Nelle notti estive, non sia mai!, ma può capitare di svegliarsi alle albe per i versi dei gabbiani. Ma che verso fanno i gabbiani? Secondo il Joking Joyce fanno “quark”.  Il nostro autore, però, non poteva prevedere che dal suo davvero illeggibile Finnegans Wake sarebbe uscito il nome di una particella della fisica subnucleare. Vedi cosa succede a giocare con le parole!

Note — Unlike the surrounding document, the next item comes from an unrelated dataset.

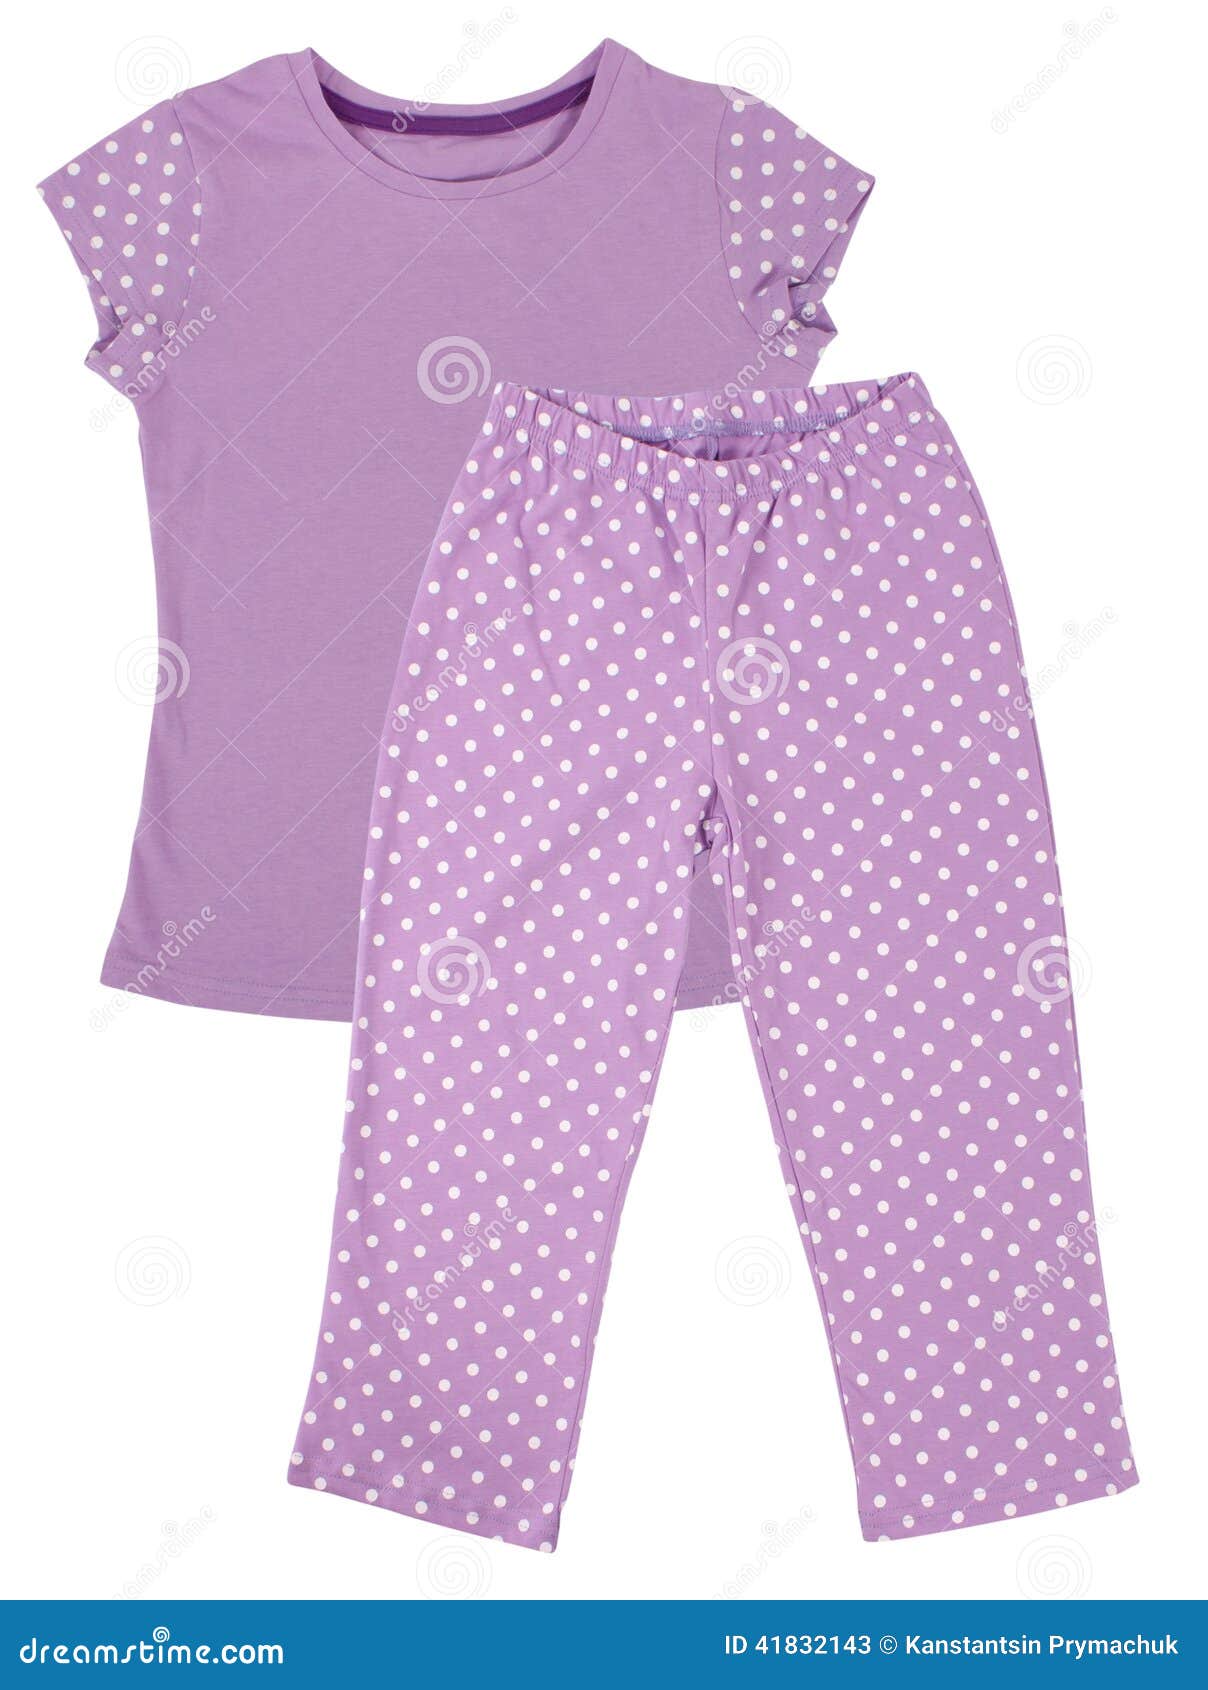 Pink Childrens Girls Pajama Set Isolated On White Stock Image - Image ...

TRE QUARK PE’ O’ SEGNÙ MARCO!

Tre quark pe’ o’ Segnù Marco!
Certo che non sembrava proprio un barco
e certo ch’il su comprender non era vicino al varco
Ma o, Scricciaquila Onnipotente, non vorremmo esser giri nonché farco
per veder esto condòr gridare per la camicia allo scur’arco
e girar in caccia de su’ vestiti maculati in mezzo al parco?
Hohohoho, in muta Marco!
Tu sei il più stran pollaster vuoluto giù dell’Arca allo sbarco
e pensi d’essere gallo tu e monarco.
Orsù volier! o’ Tristy è il giovin sfrizzante primarco
che la spasserà e la passererà e l’alletterà e la sistremerà
né il piumaggio della coda mai rovinerà
e ’sto bel tipo sarà di successo e marchi carco!